Banca Intesa’s Board of  Directors met today and verified also on the basis of the information provided by each interested party that nine Non-executive independent directors sit on the Board itself: Giovanni Ancarani, Francesco Arcucci, Benito Benedini, Giampio Bracchi, Alfonso Desiata, Giancarlo Forestieri, Paolo Fumagalli, Giangiacomo Nardozzi and Eugenio Pavarani.


Moreover, the Board formed an Internal Audit Committee setting forth that it is made up of three Non-executive directors, two of which at least are to be independent.


On first appointment three independent directors have been nominated to these posts: Pavarani (as chairman), Ancarani and Desiata.

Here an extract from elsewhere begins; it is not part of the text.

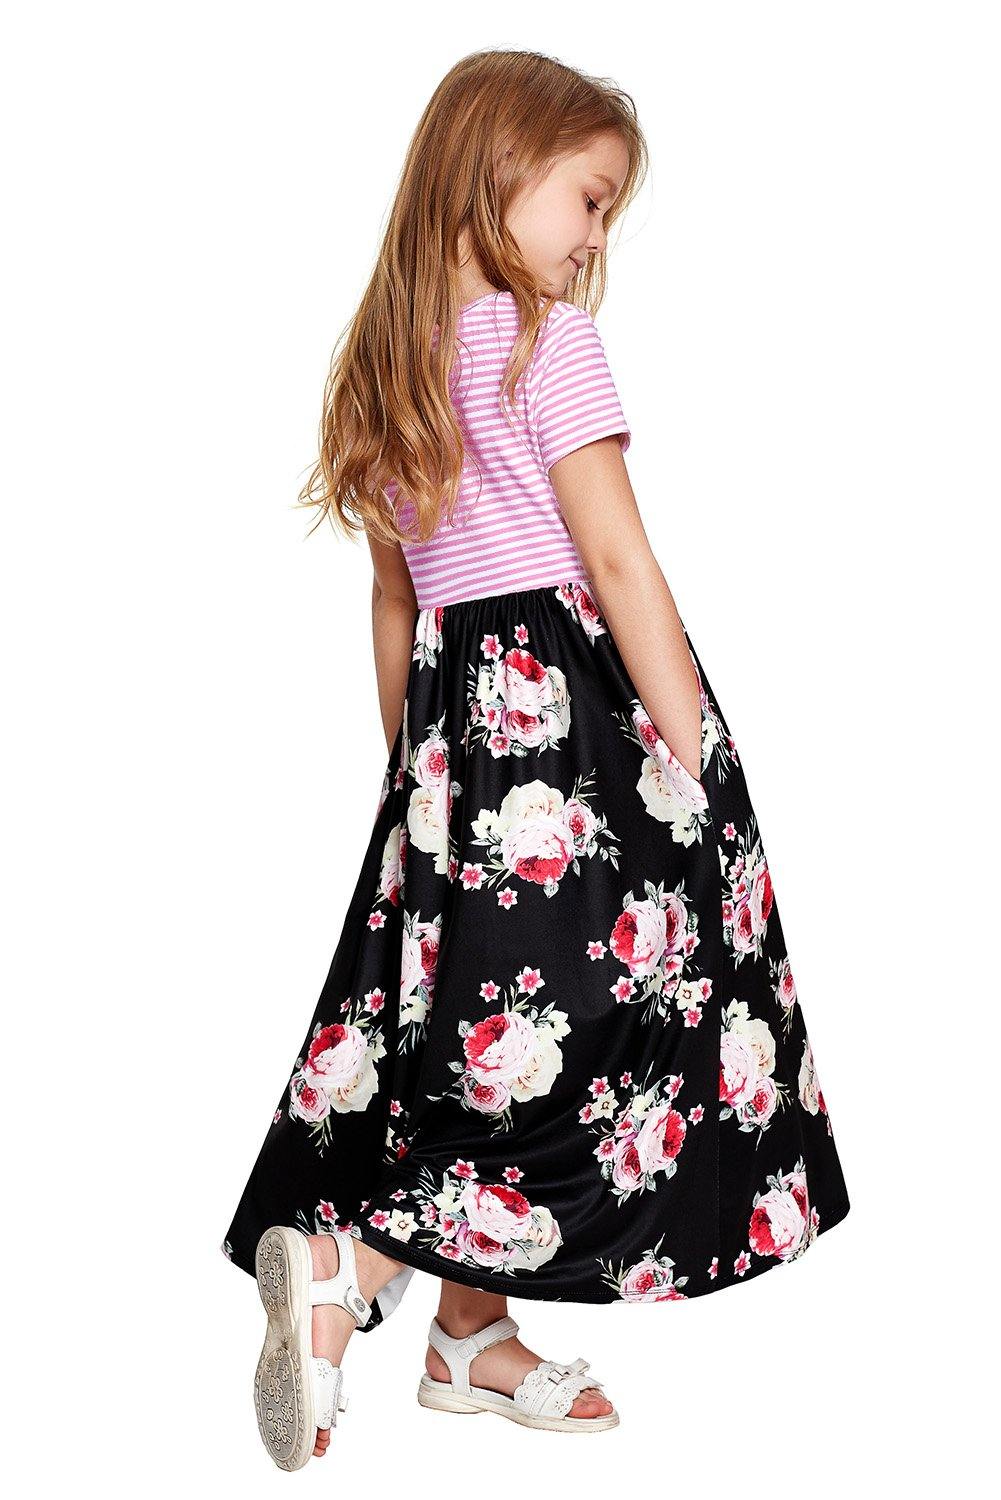 Striped Floral Print Little Girls Maxi Dress - L & M Kee, LLC

In compliance with the recommendations contained in the Corporate governance code of listed companies the Committee - which will act in support of the Board of Directors   with analysis, advising and proposal tasks - will have in particular the following functions:

  • assisting the Board of Directors in setting the guidelines and periodically checking the adequacy and functioning of the internal auditing system, also ensuring that the main company risks (credit, financial and operational) are identified and properly managed, in coordination with the company functions involved;
  • assessing the work programme drawn up by the persons in charge of internal control and receive their periodical reports;  
  • assessing, together with the Head of Administration  and the external auditors, the adequacy of the accounting principles adopted and their uniformity with a view  to the preparation of the consolidated financial statements;
  • reporting to the Board on its activities and the adequacy of the internal auditing system at least once every six months, at the time the full and half-yearly financial statements are approved.

The Committee can be consulted not only on evaluation of transactions with related parties but also on operations involving, directly or indirectly, conflicts of interest.


The Chairman of the Statutory Auditors or another Auditor appointed by the former and the Head of Internal auditing will take part in the Committee meetings. Moreover the Managing Director and other Managers can be asked to join the Committee meetings depending on the issues on the agenda.


The Internal Audit Committee has also been attributed tasks and functions of the Supervisory Bodies pursuant to Legislative Decree 231/2001 concerning the administrative responsibility of companies.